Pictures stay out, but every line of the data is copied exactly.

## Data shown
++++++
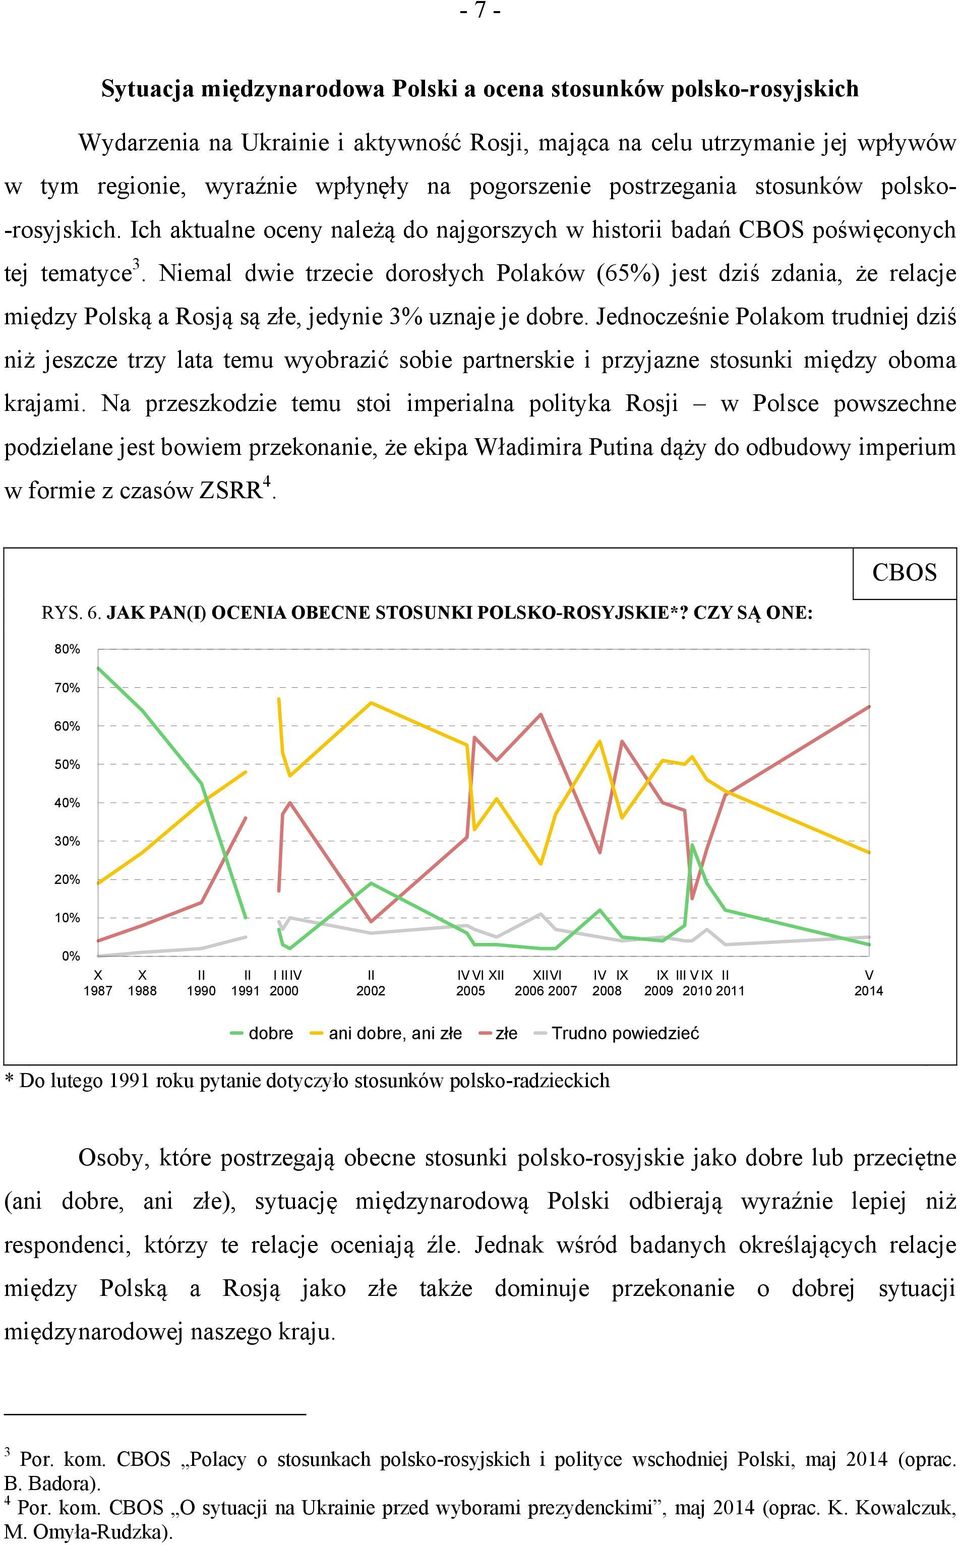 Niemal dwie trzecie dorosłych Polaków (65%) jest dziś zdania, że relacje między Polską a Rosją są złe, jedynie 3% uznaje je dobre.
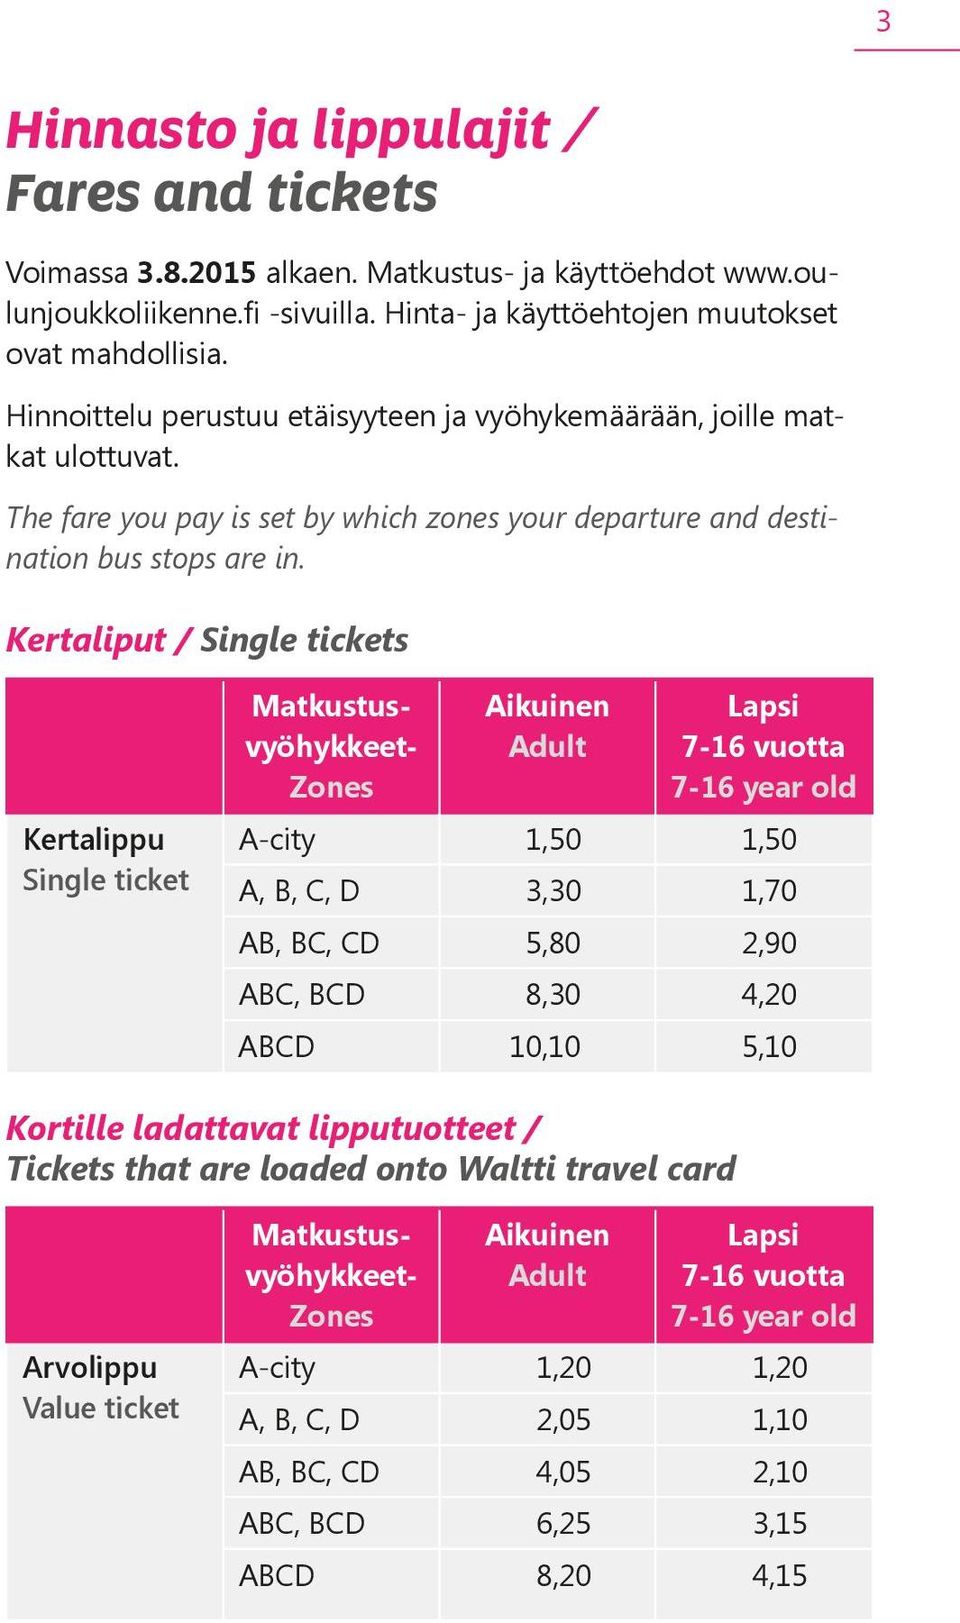 Kertaliput / Single tickets Kertalippu Single ticket Matkustus- vyöhykkeet- Zones Aikuinen Adult Lapsi 7-16 vuotta 7-16 year old A-city 1,50 1,50 A, B, C, D 3,30 1,70 AB, BC, CD 5,80 2,90 ABC, BCD
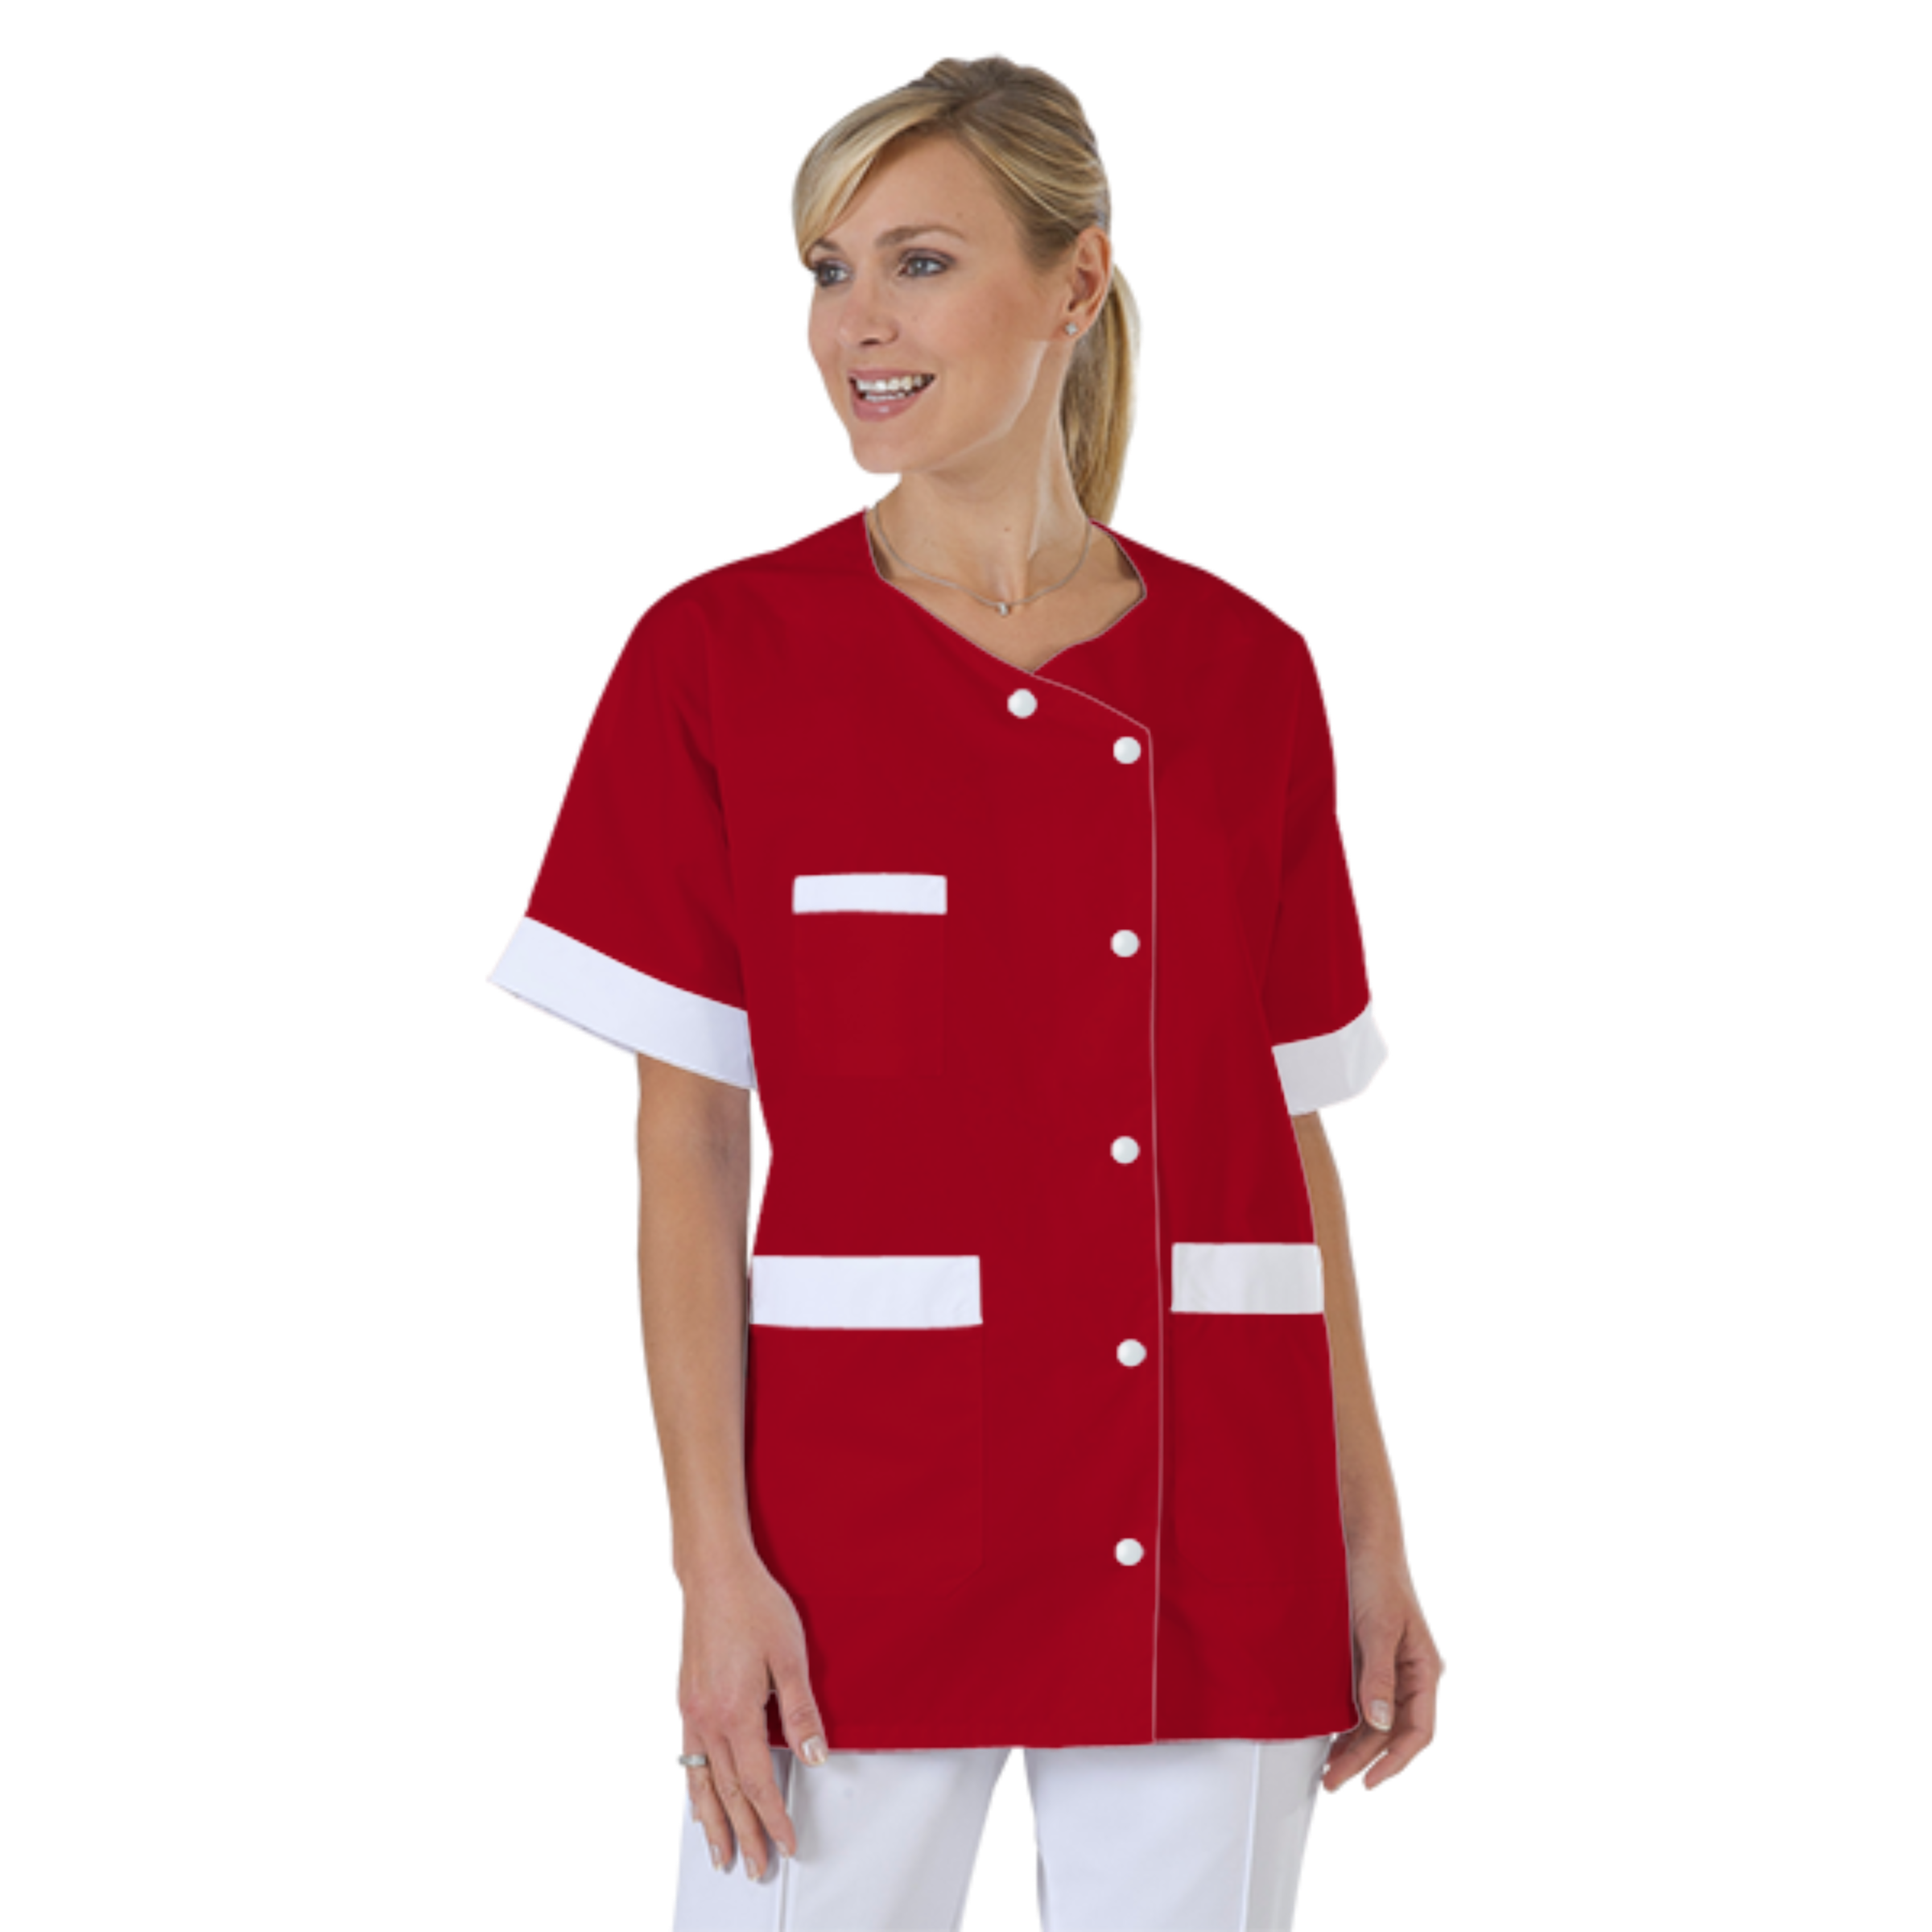 blouse-infirmiere-personnalise-col-trapeze acheté - par Patricia - le 07-03-2017
++++++
## Exercise answer
 Niemal dwie trzecie dorosłych Polaków (65%) jest dziś zdania, że relacje między Polską a Rosją są złe, jedynie 3% uznaje je dobre.
 Kertaliput / Single tickets Kertalippu Single ticket Matkustus- vyöhykkeet- Zones Aikuinen Adult Lapsi 7-16 vuotta 7-16 year old A-city 1,50 1,50 A, B, C, D 3,30 1,70 AB, BC, CD 5,80 2,90 ABC, BCD
 blouse-infirmiere-personnalise-col-trapeze acheté - par Patricia - le 07-03-2017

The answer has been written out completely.